AT&T Broadband Goes For Tiered Pricing
from the wrong-way... dept
A few months ago all the cable broadband providers started discussing tiered pricing for their service. One of the things they said was that the plan wasn’t to penalize higher bandwidth users, but to offer lower introductory fees to try to get more people to sign up. I actually thought this was a much smarter way to offer tiered pricing, and would help these companies get many more subscribers. Apparently, AT&T Broadband wasn’t a part of those discussions, or changed its mind. Instead of offering a lower priced introductory offer for slower broadband that might convince more people to sign up, they’re launching a more expensive options for people who want slightly more bandwidth. I doubt many people will sign up for it. It’s nearly twice as expensive, and the bandwidth difference isn’t worth it. Makes you wonder who’s making decisions over there.
Comments on “AT&T Broadband Goes For Tiered Pricing”
Crazy
This makes no sense. They need more subscribers before they can try to get higher end subs. There aren’t many compelling apps that require 3mbps yet. And if you are going to launch a high speed service, maybe you should bundle in some apps that can take advantage of the speeds.
GREED
It’s all about GREED, and this is just the precursor to higher bandwidth charges across the board. Watch the company try to grub as much $$$ out of subscribers as possible.
Tiered Pricing
Pretty much all of the stuff I’ve seen on tiered pricing is to bump up for the higher bandwidth rather than drop down for the lower–I agree this is a bad way to do it. I would guess for 80% of the people who don’t have broadband the high cost is the reason (20% due to availabilty for them). Lower the price for an “entry level” broadband and watch how many more subscribers they’d have, not to mention that a certain percentage might pony up to the higher speed once they get a taste.

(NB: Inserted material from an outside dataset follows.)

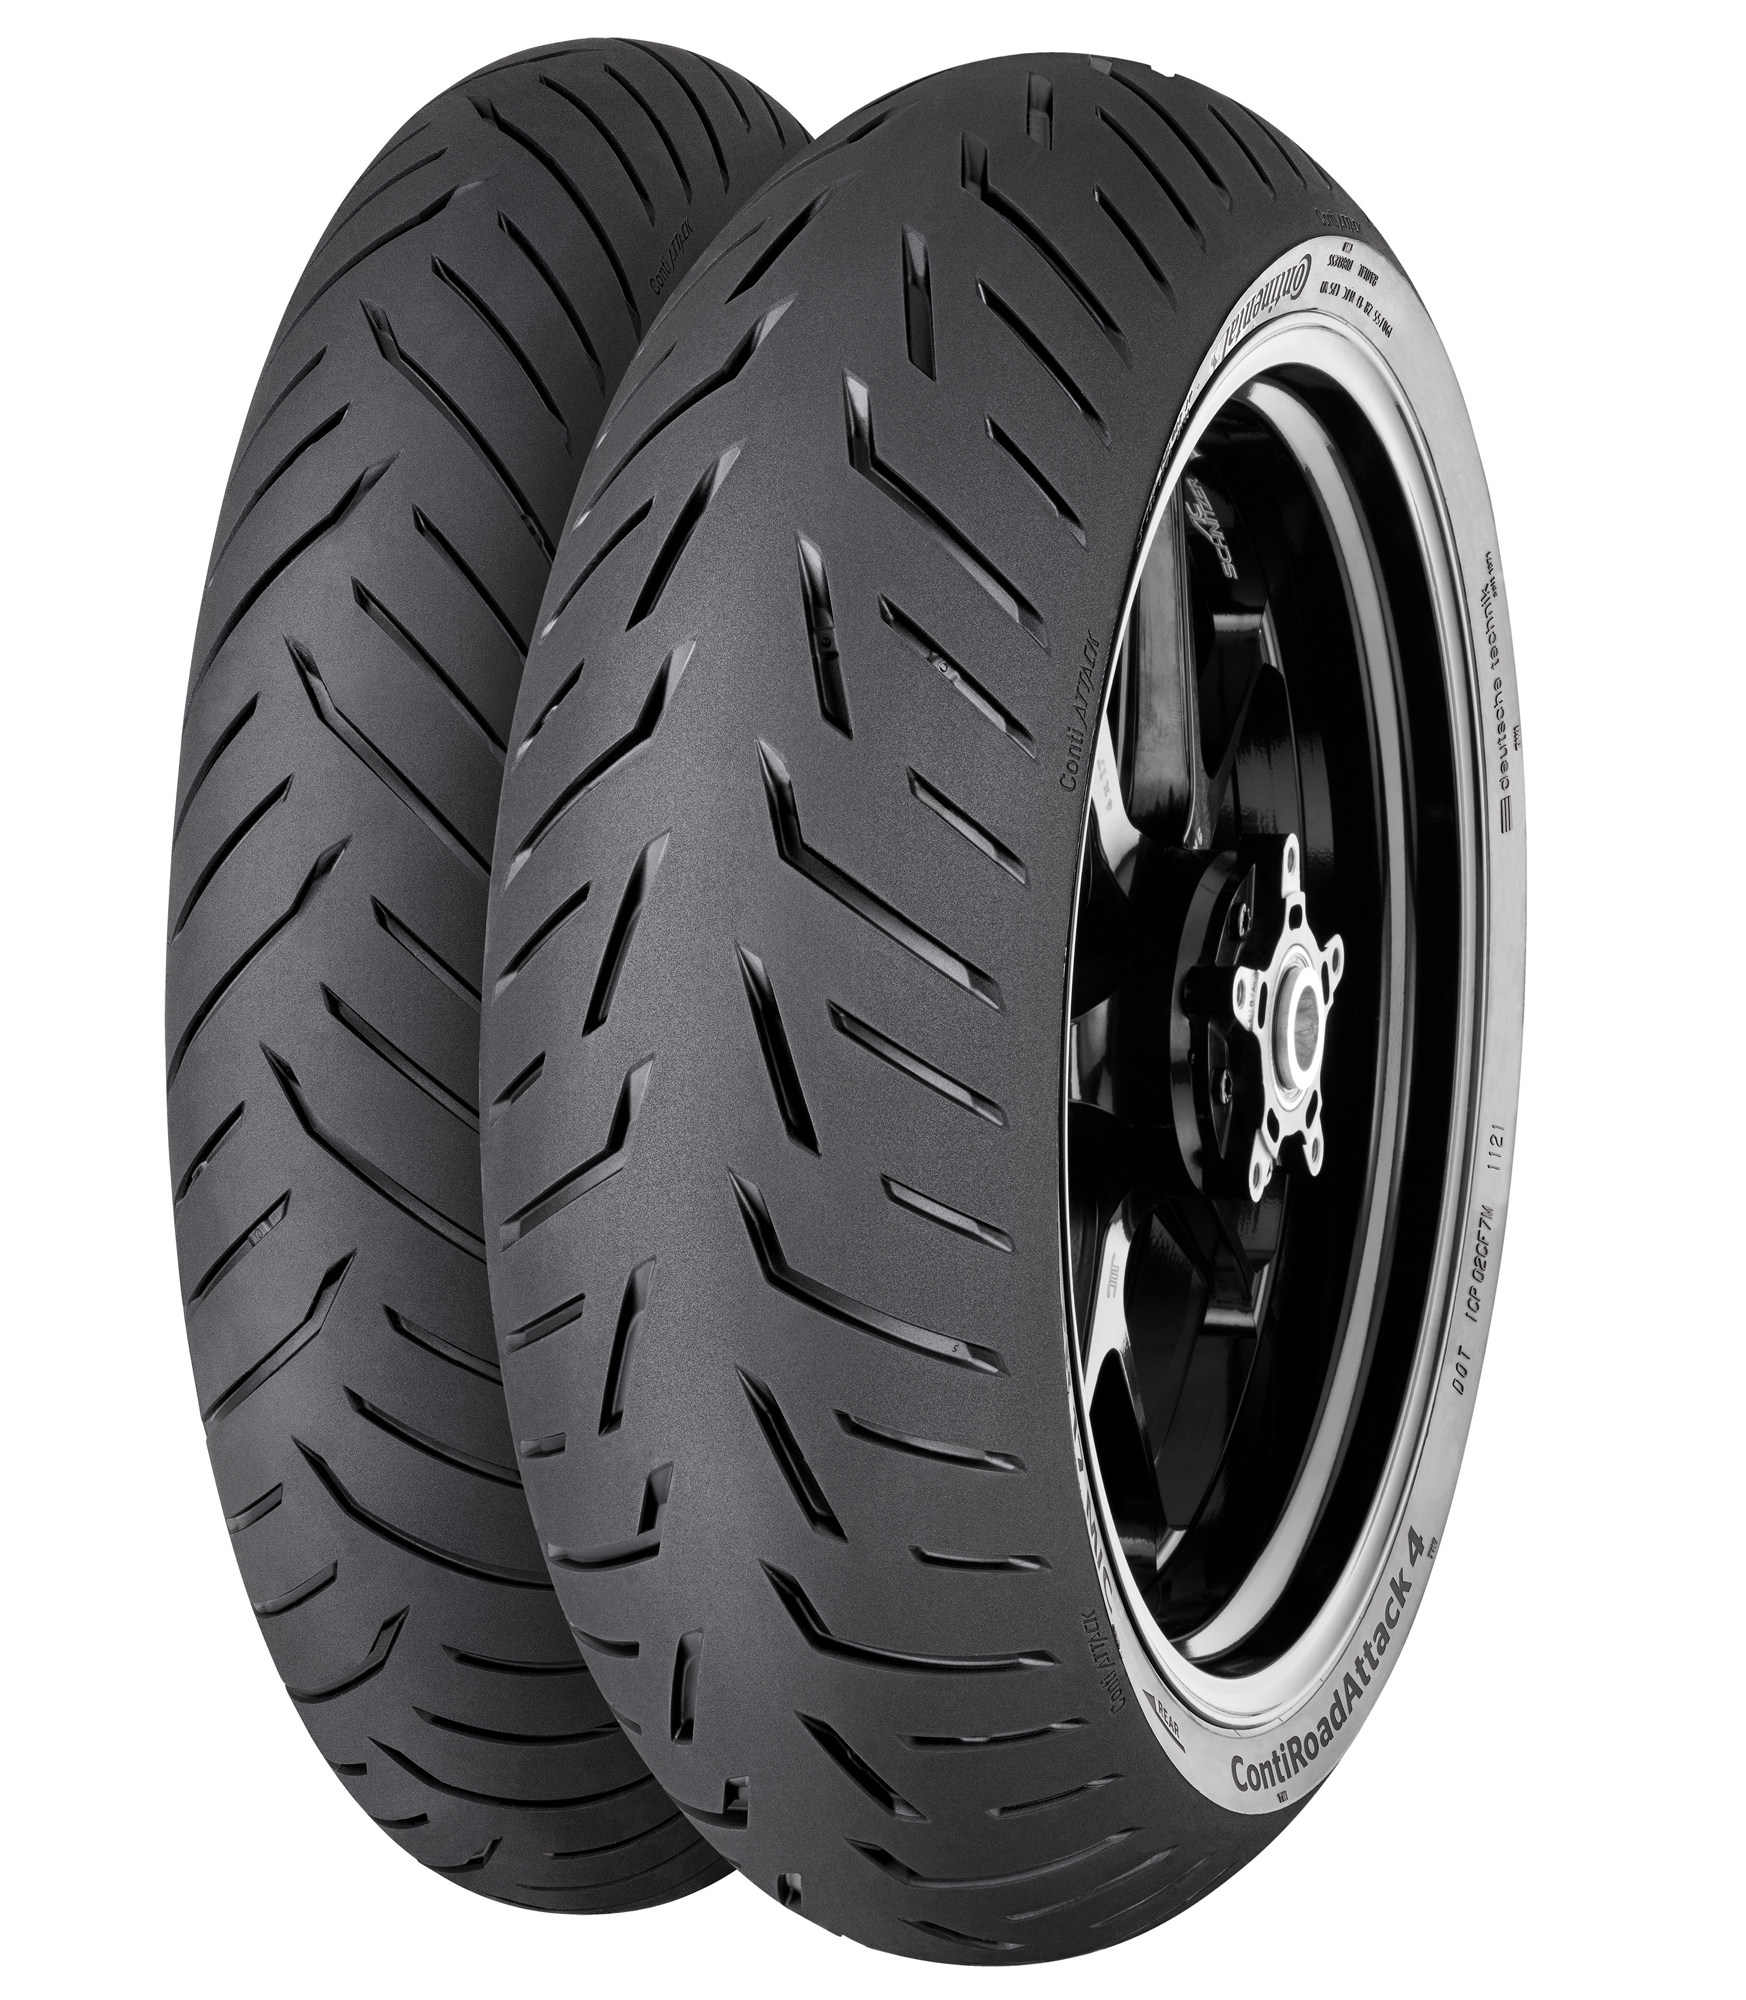 Continental ContiRoad Attack 4 Street / Sport Touring Tire

But I still don’t know about the tiered pricing in general–my problem with it is that it doesn’t reflect the costs so they’re charging more for something that doesn’t cost them more. Once the line is there and everything is installed, does a 500k cable connection cost less than a 3 mb? I would think support is perhaps the biggest cost, that the truth is lower bandwidth users are the ones who are more expensive to support–high bandwidth users tend to be more computer savy and fix their own problems.
I do see one exception–I can understand truly excessive users paying more–say people doing major filesharing or what have you–at some point their “hogging” bandwidth has a negative impact on the rest of network.
steve
No Subject Given
If it came with multiple IP addresses, it might make sense for a house full of gamers, but for the vaste majority of people this kind of service makes no real sense.
It's a start
I’m glad to see that after all this time they’re at least offering more bandwidth. The price of the addition bandwidth is too high though. I’d pay more for a static IP and the ability to host my own server(s) without the need for a ddns service.
They will offer a lower-priced tier
The news I read today says that AT&T will eventualy be offering a slower, lower-priced tier to attract more people away from dialup.
I have their current service (claimed 1.5M/256K) and I’m in one of the areas to offer the faster service, but it doesn’t seem like my connection ever achieves the rated speed. I’m certainly not going to pay more unless there’s some guarantee of throughput. I think that may be the hidden danger in offering tiered pricing for cable modem service. I can put up with practically anything because it’s better than dialup, but if I pay for the expensive plan and the resulting speed is little or no better than a cheap plan, then customer service will be hearing from me.